Par un jugement n° 1713483 du 6 mai 2019, le tribunal administratif de Paris a rejeté leur demande.
Procédure devant la Cour :
Par un arrêt avant dire-droit du 10 juillet 2020, la Cour a, en application de l’article L. 600-5-1 du code de l’urbanisme, sursis à statuer sur les conclusions de la requête du syndicat de la copropriété du 110 rue du Faubourg Saint-Denis, de Mme S AC, de Mme AD A, de Mme X C, de Mme E R, de Mme H L, de M. G T, de M. Y N et de M. AE Q, jusqu’à l’expiration d’un délai de quatre mois à compter de la notification de cet arrêt pour permettre à la Ville de Paris ou à la société civile immobilière Ait Faubourg de produire à la Cour un permis de construire modificatif régularisant le vice dont est affecté le permis de construire litigieux, lequel permis modificatif devra, conformément aux dispositions précitées de l’article UG 7.1 du règlement du plan local d’urbanisme de Paris, conduire à ce que les pièces principales des appartements possédant des ouvertures sur les Deux courettes du pignon sud de l’immeuble du 110 rue du Faubourg Saint-Denis ne voient pas leurs conditions d’éclairage affectées au point de conduire à une obstruction significative de la lumière, tous droits, moyens et conclusions des parties étant réservés jusqu’en fin d’instance.

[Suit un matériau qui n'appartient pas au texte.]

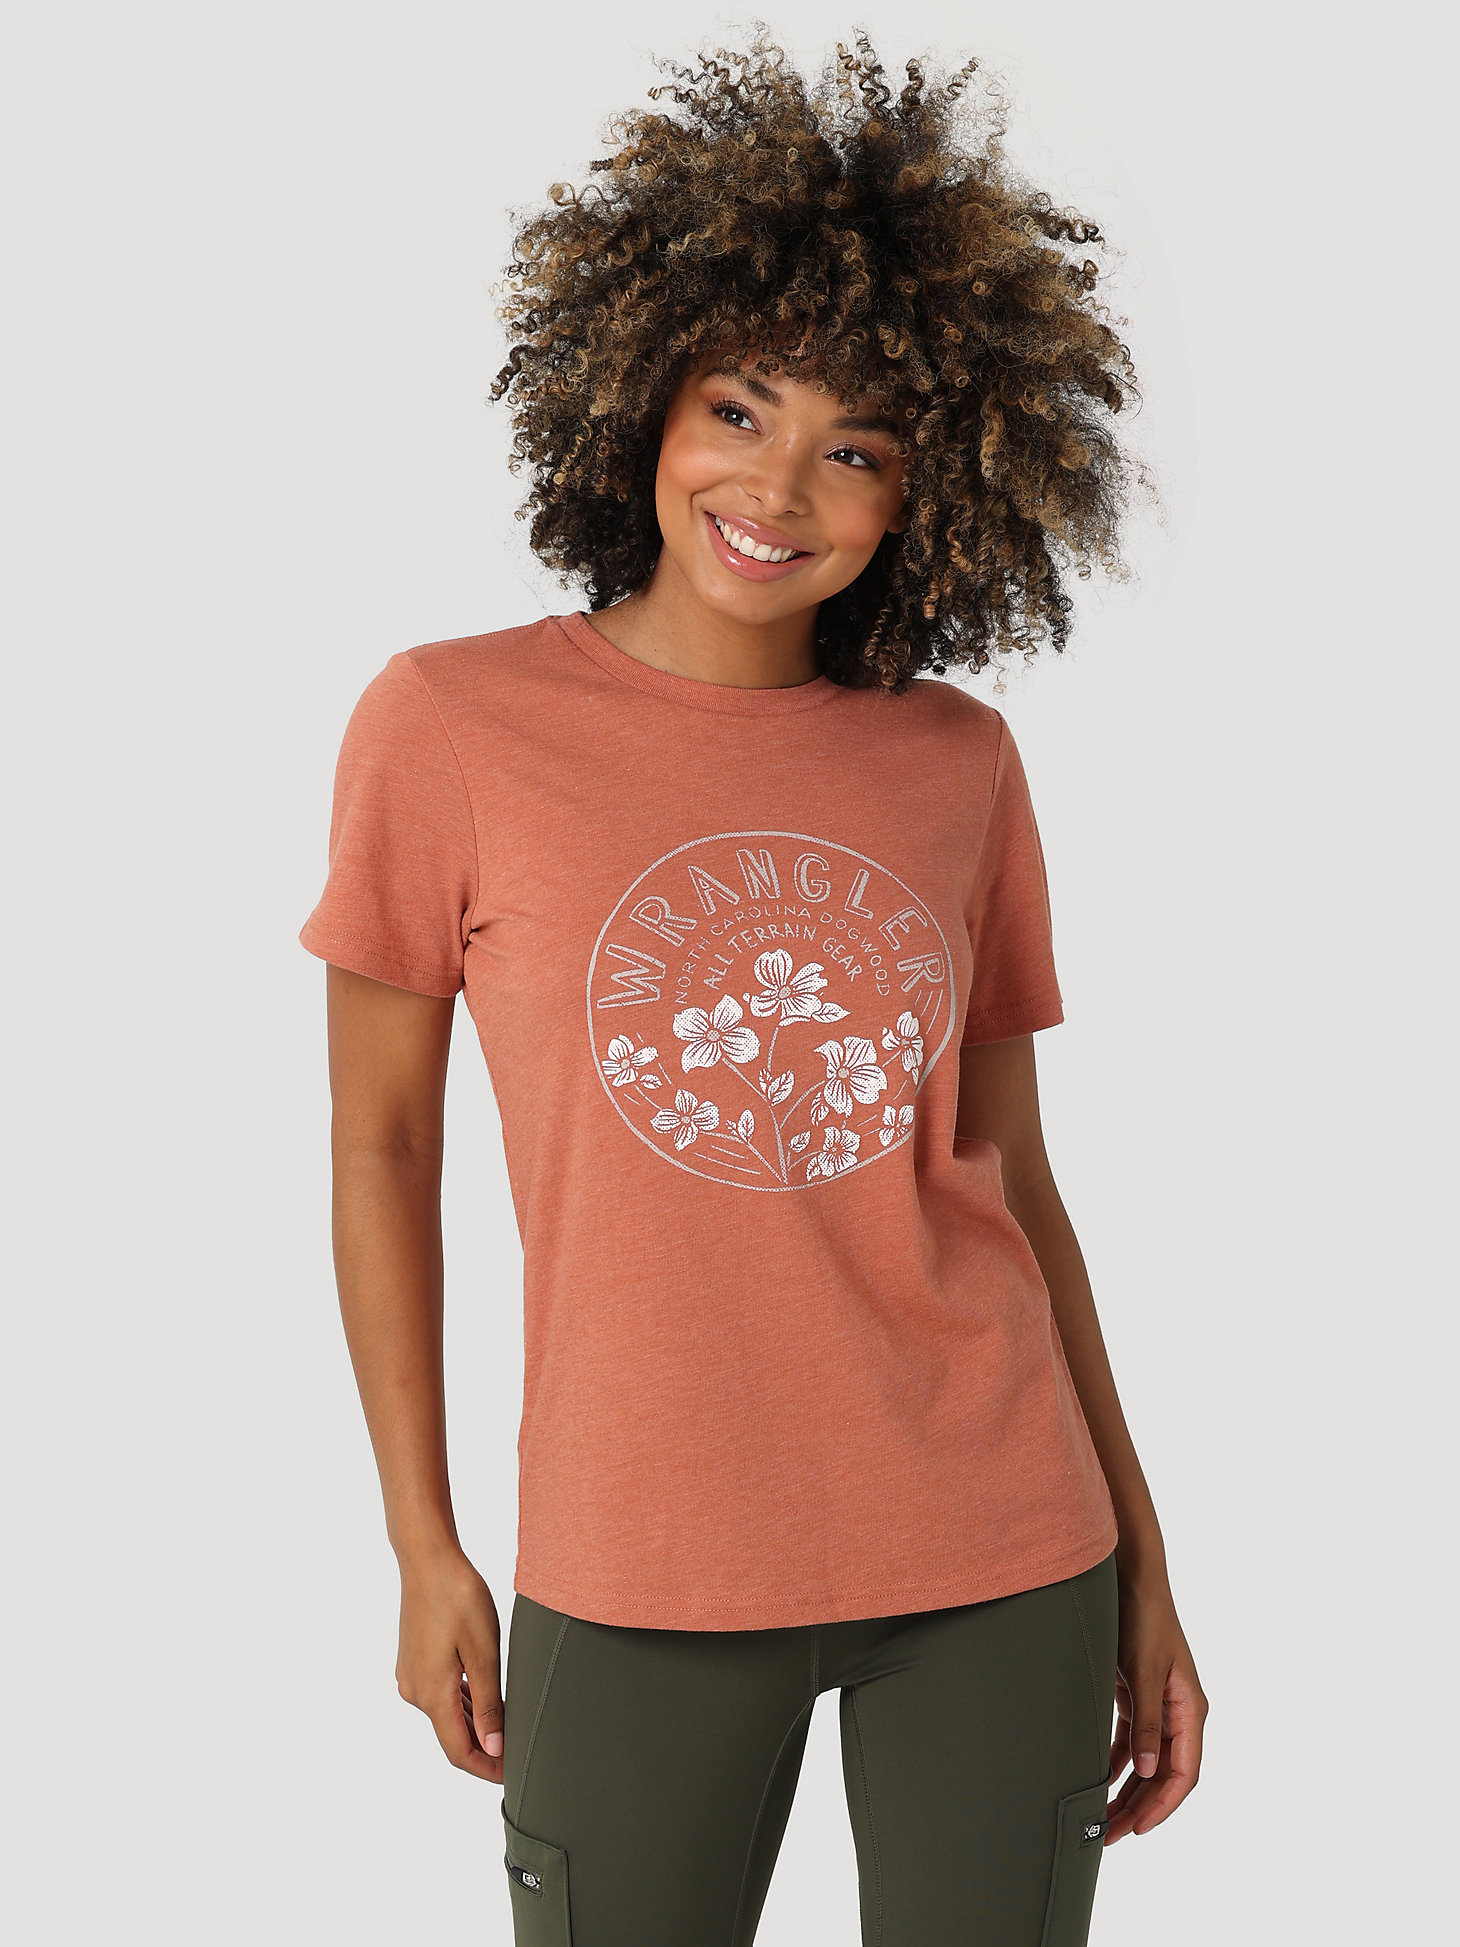 ATG By Wrangler™ Women's Graphic Tee in Redwood main view

Par un mémoire en défense enregistré le 6 novembre 2020, la société civile immobilière Ait Faubourg a produit un arrêté du maire de Paris en date du 29 octobre 2020 lui accordant un permis de construire modificatif pour le projet en litige et conclut au rejet de la requête.
Elle fait valoir que ce permis de construire modificatif procède à la régularisation du permis de construire initial contesté.
Par des mémoires enregistrés le 22 février 2021 et le 1er juin 2021, les requérants déclarent persister dans leurs précédentes conclusions, et concluent en outre à l’annulation de l’arrêté du maire de Paris du 29 octobre 2019 et, à titre subsidiaire, à la désignation d’un expert en vue d’apprécier les conséquences de ce permis sur la situation de leur immeuble.
Ils soutiennent que :
— leurs conclusions sont recevables, le juge doit vérifier d’office que le permis de construire modificatif produit à la suite d’un sursis à statuer régularise le vice entachant le permis de construire initial ; lorsque le permis de construire modificatif n’est pas de nature à régulariser le vice affectant le permis initial, il appartient au juge administratif d’annuler le permis de construire et il doit, par suite, également annuler cette mesure de régularisation par voie de conséquence ;
— le permis de construire modificatif ne procède pas à la régularisation du permis de construire initial, dès lors projet modifié continue donc de porter une atteinte grave aux conditions d’éclairement des pièces principales des logements de la copropriété.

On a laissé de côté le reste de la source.